Assistant Professor Marc Manack comes to the Fay Jones School of Architecture from Cleveland, Ohio, where he founded and is currently principal of the architecture and design firm SILO AR+D. Manack’s teaching responsibilities include design studios, professional practice, and design theory seminars that support his research interests in repositioning computation’s disciplinary agenda.
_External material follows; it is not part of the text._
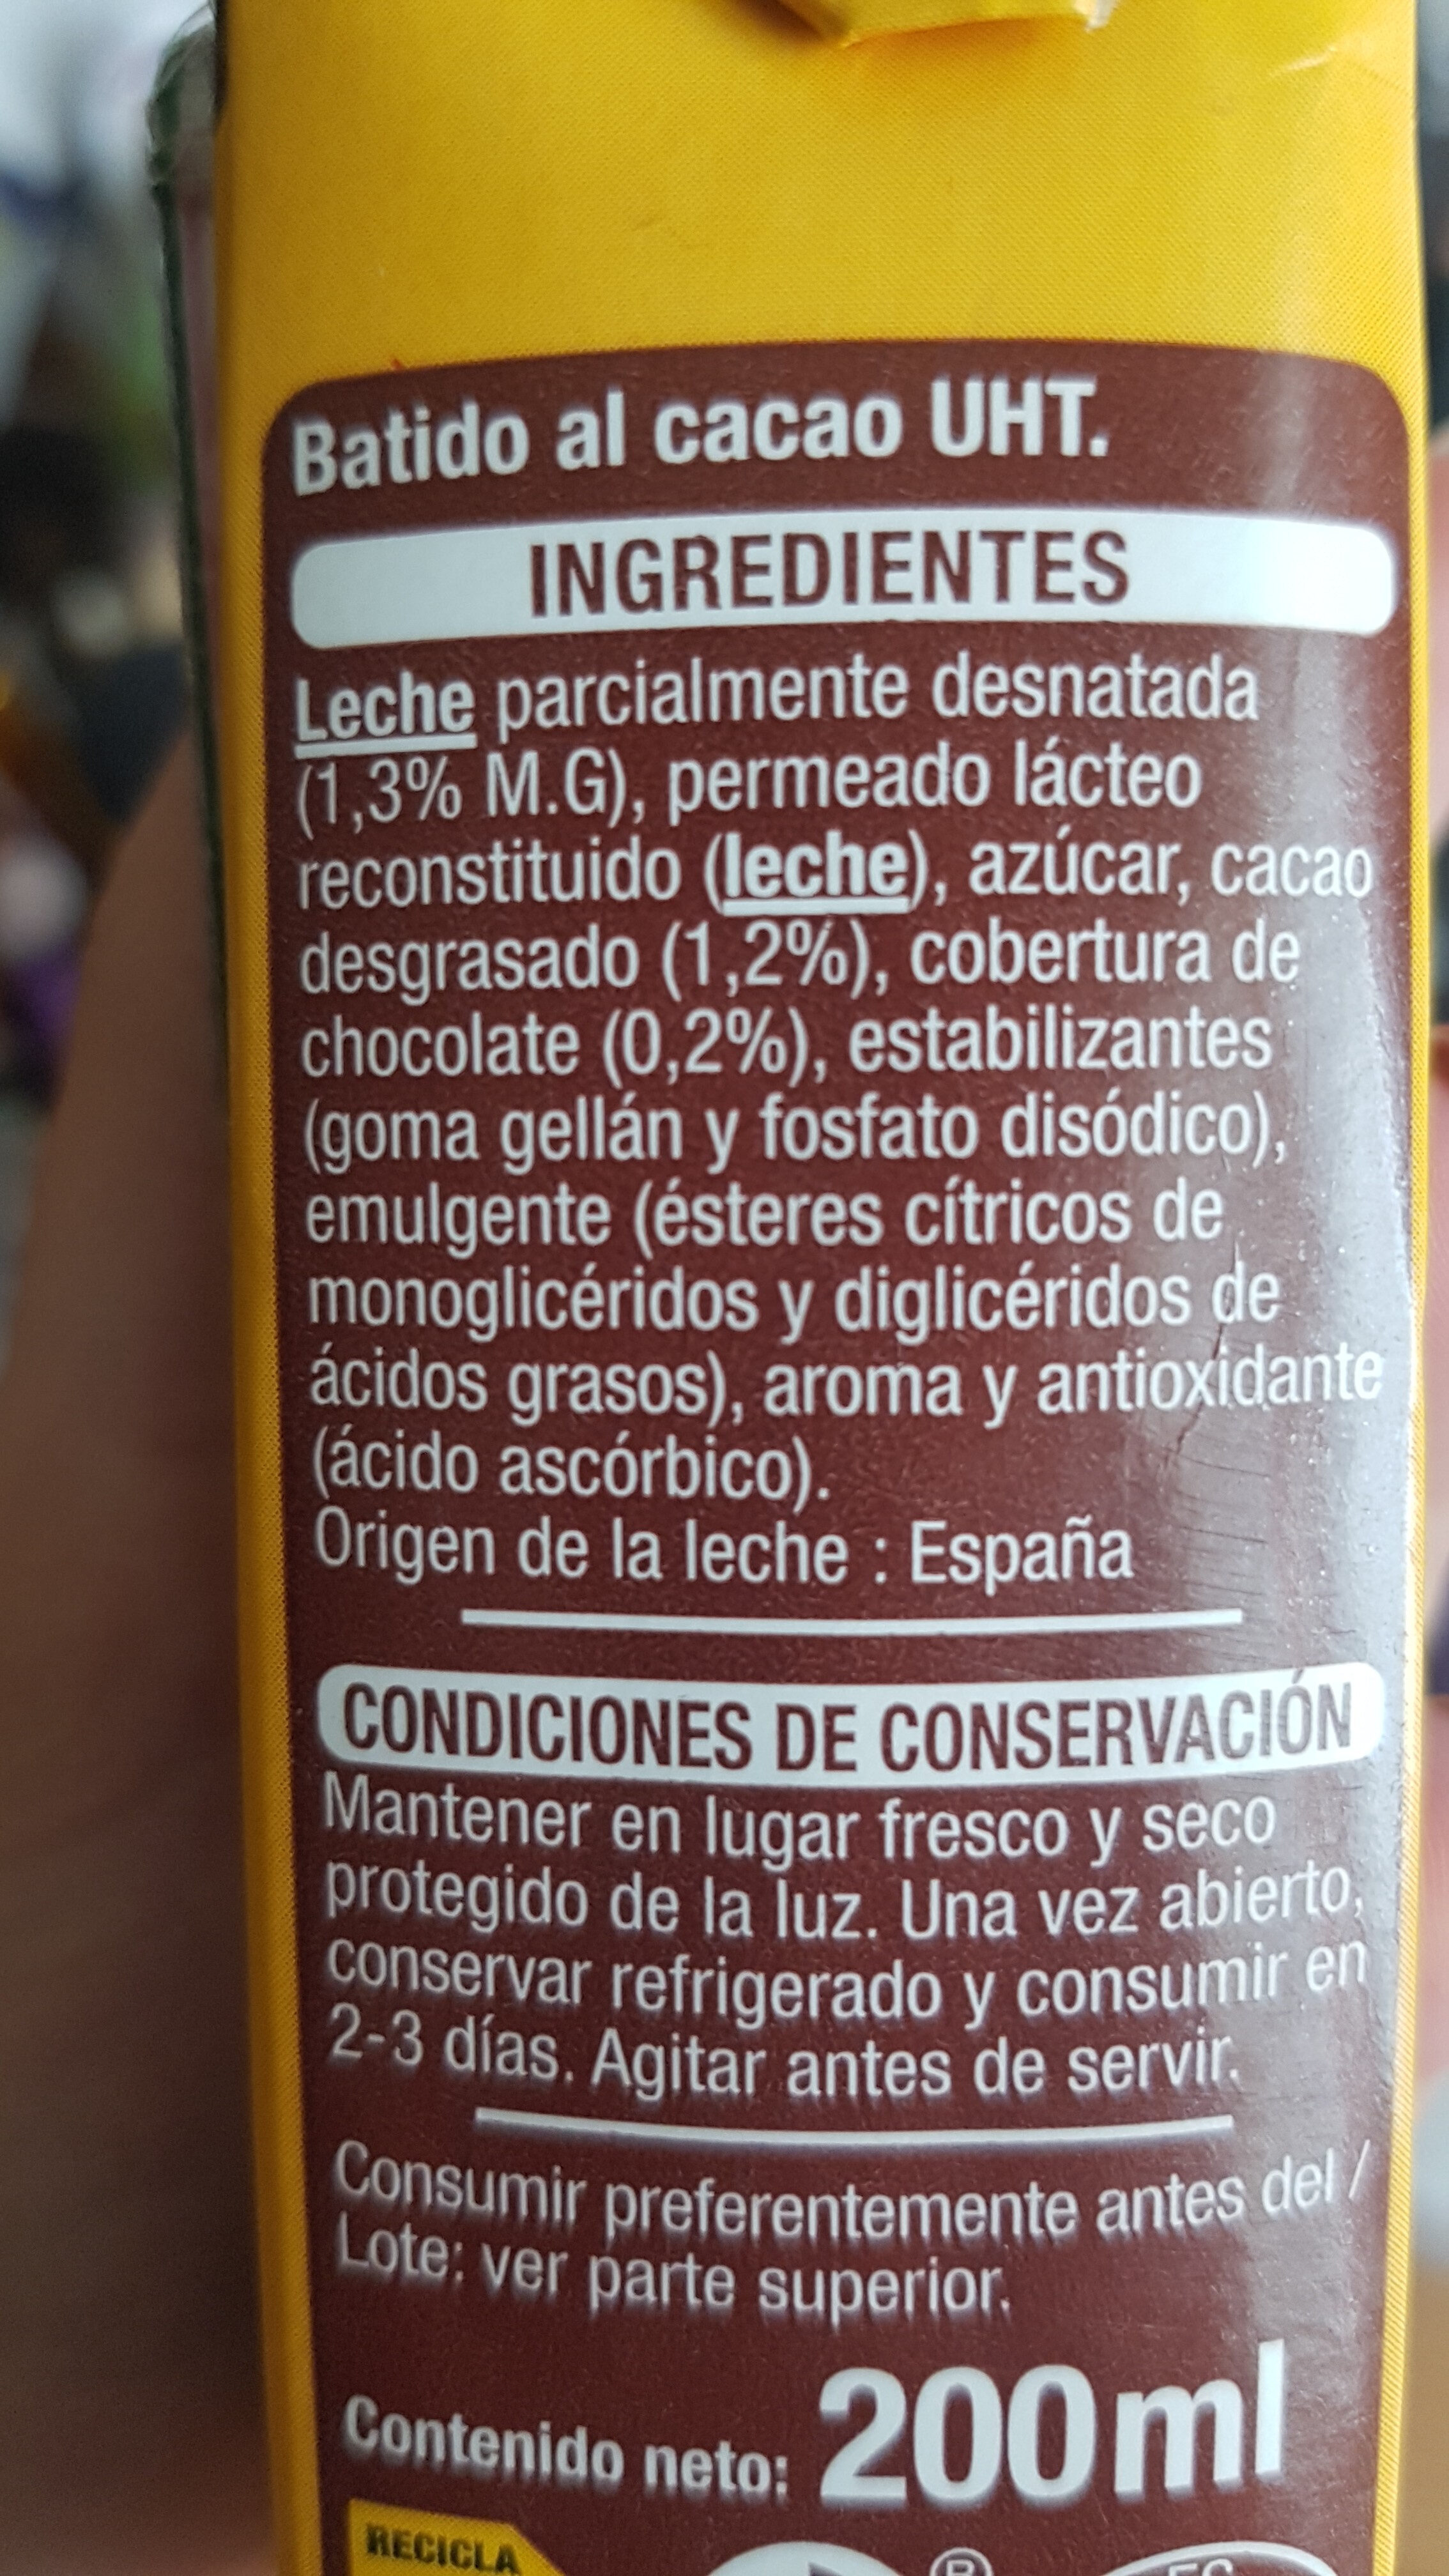 Batido al cacao - Ingredients - es
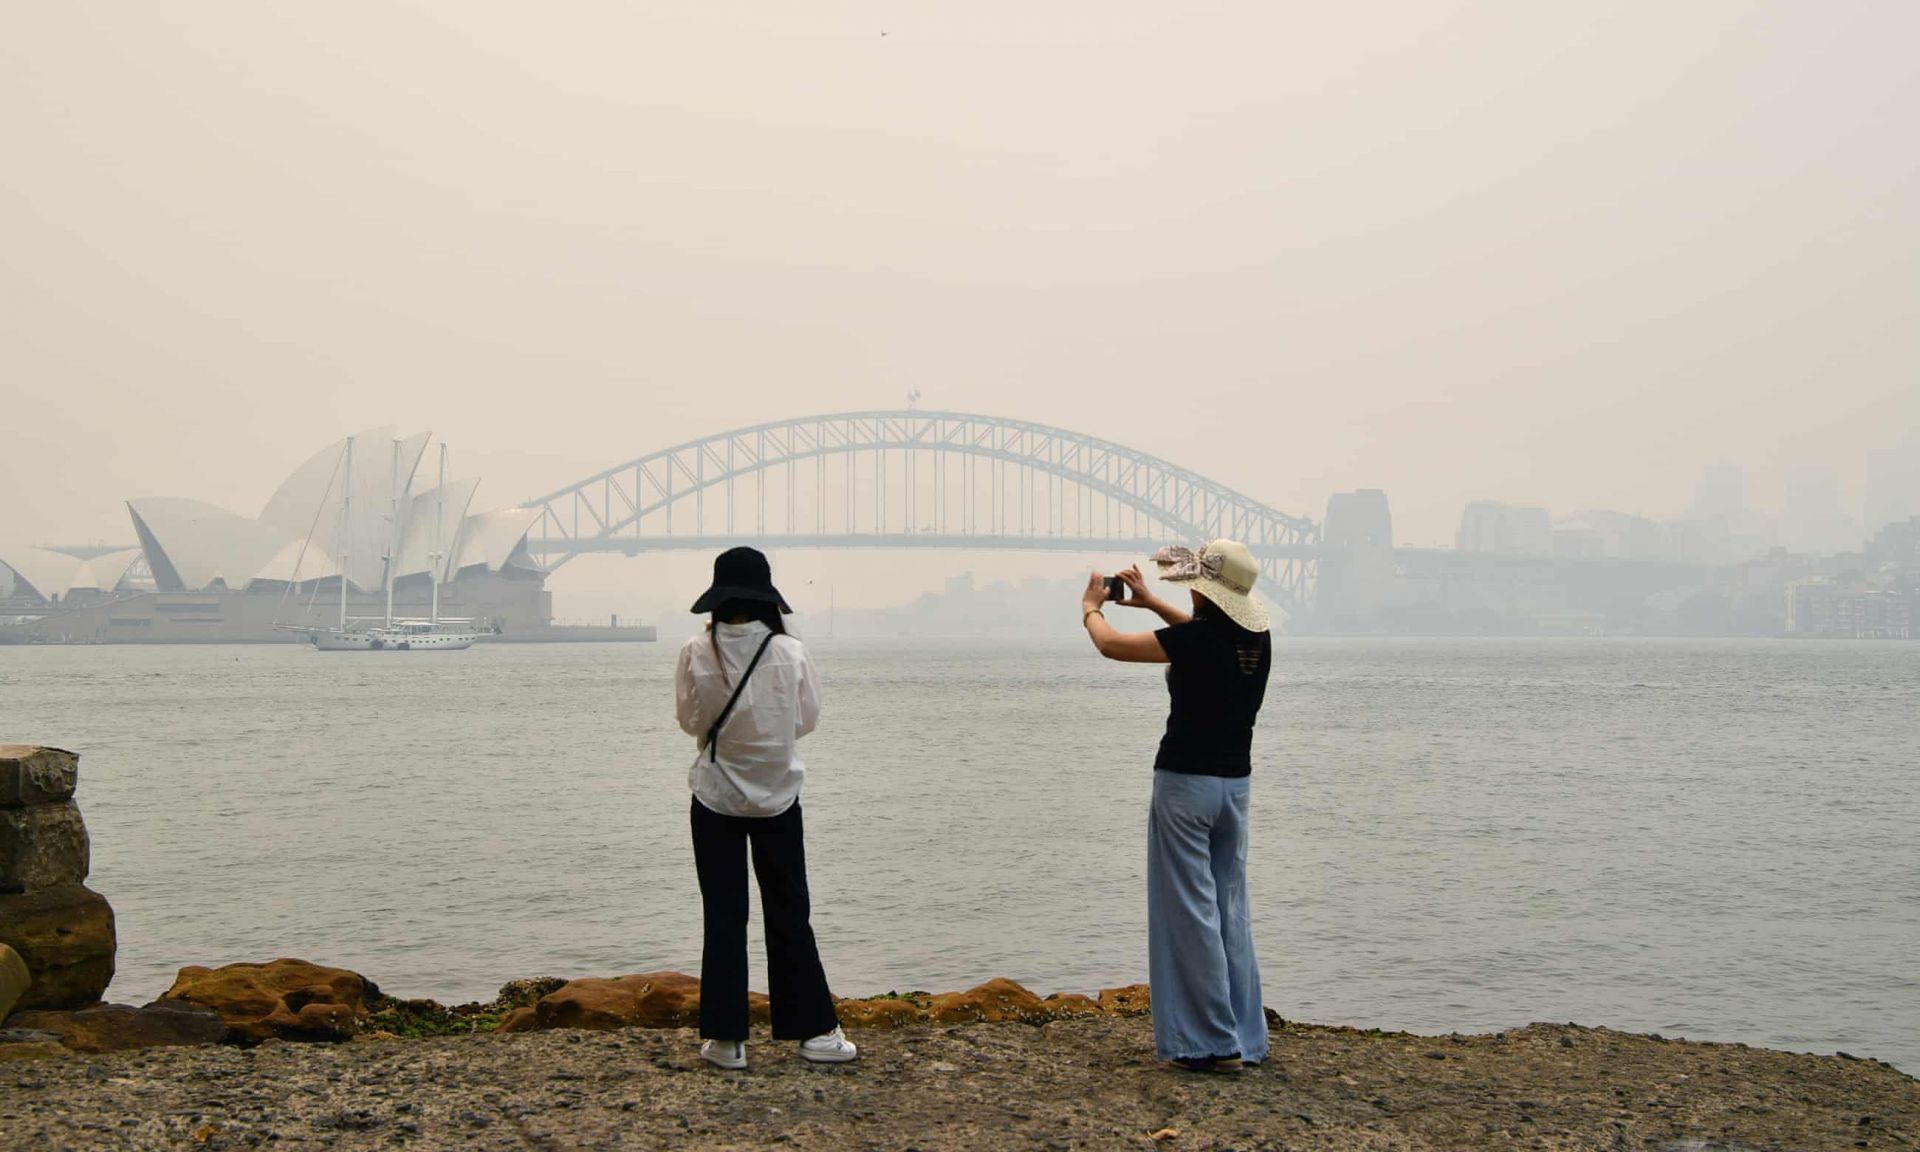 Thành phố Sydney của Australia cũng được xếp hạng thứ 4 trong danh sách những thành phố ô nhiễm không khí nhiều nhất trên thế giới

Manack has taught previously at the Kent State University College of Architecture and Environmental Design and at Ohio State University’s Austin E. Knowlton School of Architecture.

Assistant Professor Frank Jacobus comes to the University of Arkansas from the University of Idaho.  As a new faculty member at the Fay Jones School of Architecture Frank teaches Design I and Honors Research Methods.  Frank is a registered architect and has a Bachelor of Architecture degree from the Cooper Union for the Advancement of Science and Art and a post-professional MArch II from the University of Texas at Austin.  His thesis research at the University of Texas focused on the affects of emerging technologies and media on the discipline of architecture and was selected by the architecture faculty as the “Outstanding Masters Design Study”.  While in Austin he was an invited member to a project titled “Resilient Foundations: The Gulf Coast after Katrina”, which was exhibited at the 10th annual architecture show at the Venice Biennale.  Frank’s research while at the University of Arkansas has primarily centered on our evolving perceptions of the built environment and the effects of emerging media and technology on the conceptualization of that environment.  Frank believes deeply in the educational value of continually testing architectural projects through physical making.  His work has been published widely in conference proceedings and journals.  Frank resides in Fayetteville, Arkansas with his wife Emilie and his two sons, Topher and Benny.

Amber Ellett, NCARB, LEED AP joins the faculty of the Fay Jones School of Architecture as a Visiting Assistant Professor, teaching courses in architectural design, environmental technology, and site phenomenology.  She previously taught at the College of Architecture, Art, and Design at Mississippi State University, where she was a Visiting Assistant Professor teaching courses in architectural design, active building systems, and foundational drawing.

Ellett is a registered architect and holds a Master of Architecture from the University of Nebraska and a Bachelor of Science in Design (Architecture), Studio Art Minor with honors and high distinction from the University of Nebraska. 

Angie Carpenter is teaching as a Visiting Assistant Professor in the third-year studio in fall 2012 / spring 2013. She received her Master of Architecture degree in 2012 from the Cranbrook Academy of Art. Carpenter is an Alumna of the Fay Jones School of Architecture.

Heather McArthur is teaching as an Adjunct Instructor in the third-year studio in fall 2012. She has a Master of Architecture from the Sam Fox School of Design and Visual Arts at Washington University in St. Louis.